Background and Context

The A2aLocalFacade class in src/cleveragents/a2a/facade.py is not thread-safe. It uses a cached _handler_map dictionary that is built on the first call to _handlers() and invalidated when register_service() is called. If multiple threads call dispatch() and register_service() concurrently, a race condition can occur.

Description:
The A2aLocalFacade class in src/cleveragents/a2a/facade.py is not thread-safe. It uses a cached _handler_map dictionary that is built on the first call to _handlers() and invalidated when register_service() is called. If multiple threads call dispatch() and register_service() concurrently, a race condition can occur.

Code Evidence:
The check if self._handler_map is None: and the subsequent assignment self._handler_map = {...} in _handlers() is not an atomic operation.

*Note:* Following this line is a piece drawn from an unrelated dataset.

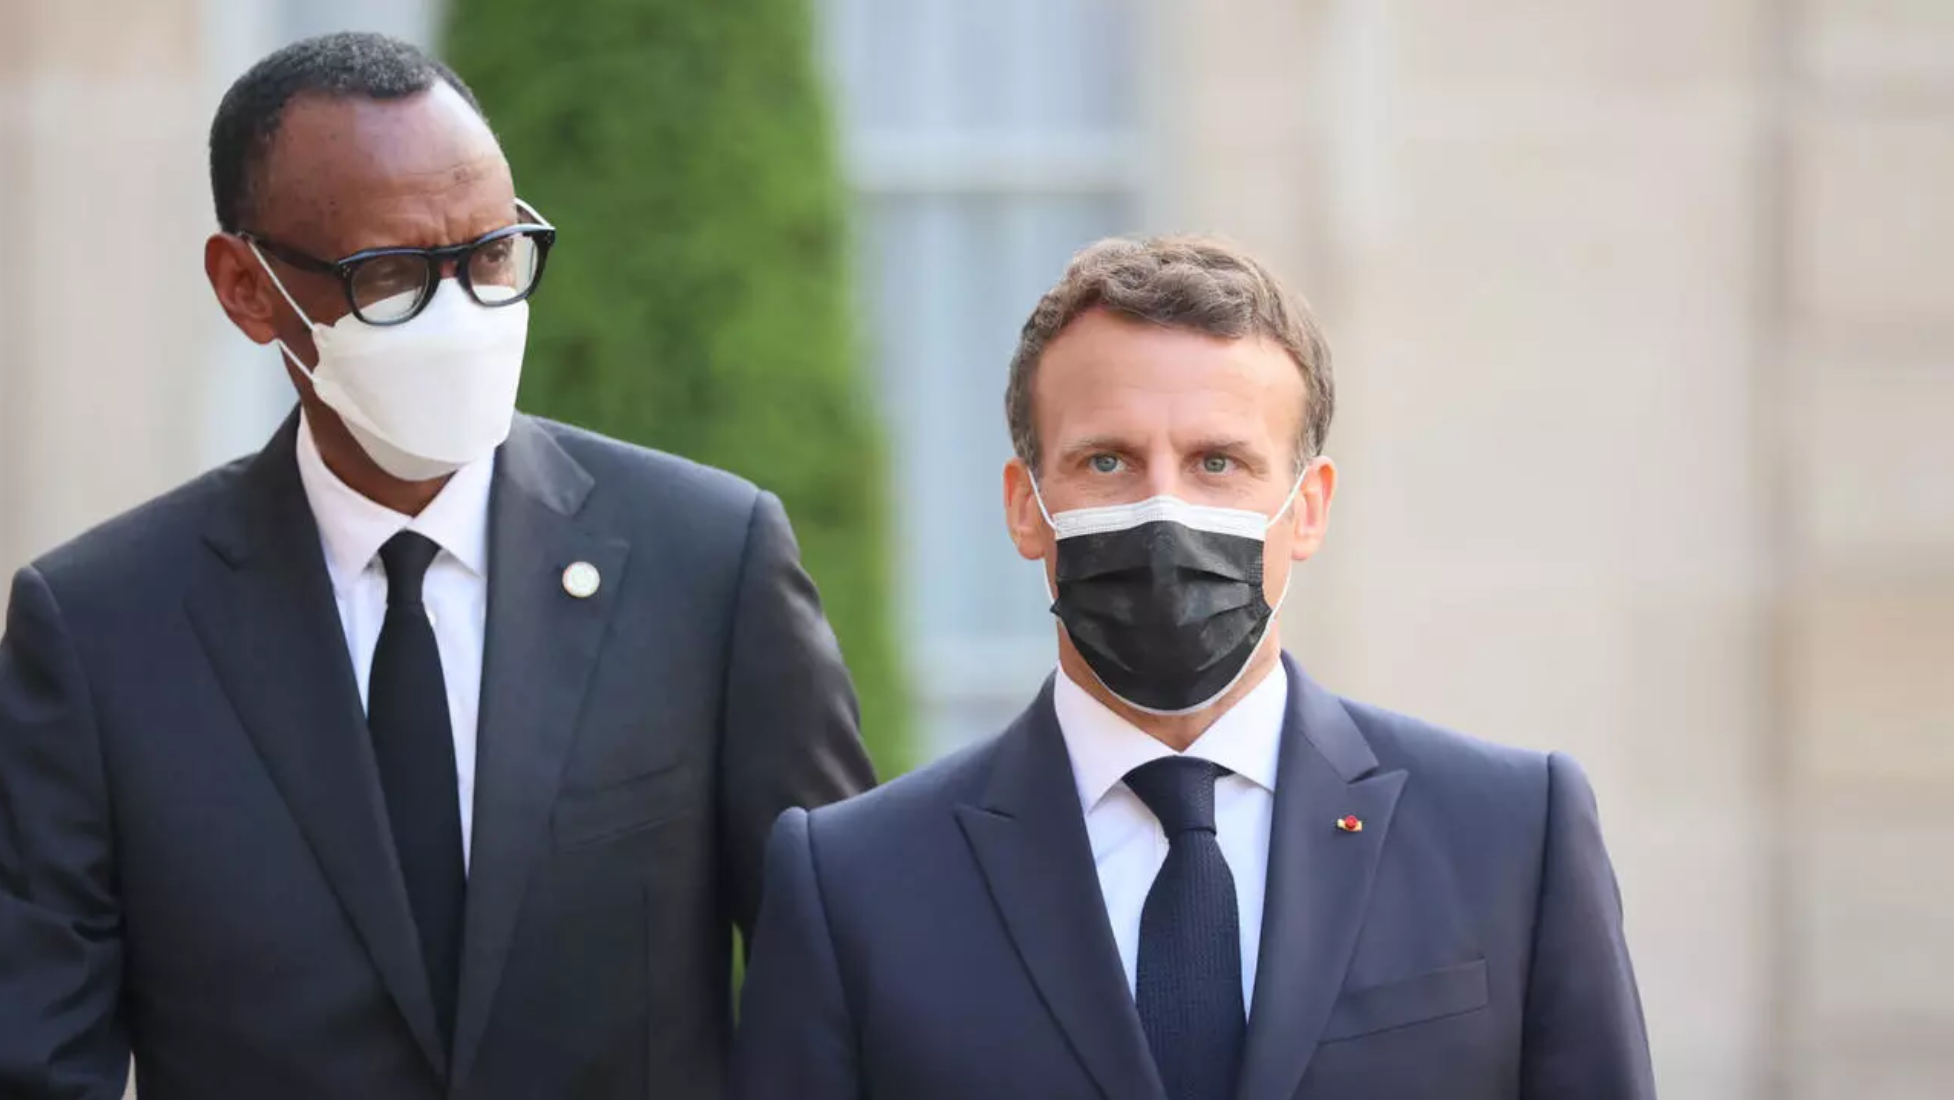 President Macron and President Kagame in Elysée Palace on 17 May 2021

# src/cleveragents/a2a/facade.py — A2aLocalFacade._handlers()
        if self._handler_map is None:
            self._handler_map = {
                # ...
            }
        return self._handler_map

A similar race condition exists in register_service():

# src/cleveragents/a2a/facade.py — A2aLocalFacade.register_service()
        self._handler_map = None

Impact:
This is a latent bug that could cause unpredictable behavior, such as A2aOperationNotFoundError exceptions for valid operations, if the application is ever run in a multi-threaded environment.

Recommendation:
Add a threading.Lock to protect access to self._handler_map.

Expected Behavior

A2aLocalFacade is thread-safe. Concurrent calls to dispatch() and register_service() from multiple threads do not produce race conditions. The _handler_map cache is protected by a threading.Lock so that reads and writes are serialized correctly.

Acceptance Criteria

  • A threading.Lock (e.g., self._handler_map_lock) is added to A2aLocalFacade.__init__().
  • The _handlers() method acquires the lock before checking and building self._handler_map.
  • The register_service() method acquires the lock before setting self._handler_map = None.
  • BDD scenarios cover concurrent dispatch() and register_service() calls to verify thread safety.
  • Test coverage remains ≥ 97%.
  • nox (all default sessions) passes with no errors.

Subtasks

  • Add self._handler_map_lock: threading.Lock = threading.Lock() to A2aLocalFacade.__init__().
  • Wrap the if self._handler_map is None: check and assignment in _handlers() with with self._handler_map_lock:.
  • Wrap the self._handler_map = None assignment in register_service() with with self._handler_map_lock:.
  • Tests (Behave): Add BDD scenario for concurrent dispatch and register_service calls verifying no race condition.
  • Verify coverage ≥ 97% via nox -s coverage_report.
  • Run nox (all default sessions), fix any errors.

Definition of Done

This issue is complete when:

  • All subtasks above are completed and checked off.
  • A Git commit is created where the first line of the commit message matches the Commit Message in Metadata exactly (fix(a2a): add threading.Lock to protect _handler_map cache in A2aLocalFacade), followed by a blank line, then additional lines providing relevant details about the implementation.
  • The commit is pushed to the remote on the branch matching the Branch in Metadata exactly (fix/a2a-local-facade-handler-map-race-condition).
  • The commit is submitted as a pull request to master, reviewed, and merged before this issue is marked done.
  • All CI checks pass (tests, linting, type checking, security, coverage ≥ 97%).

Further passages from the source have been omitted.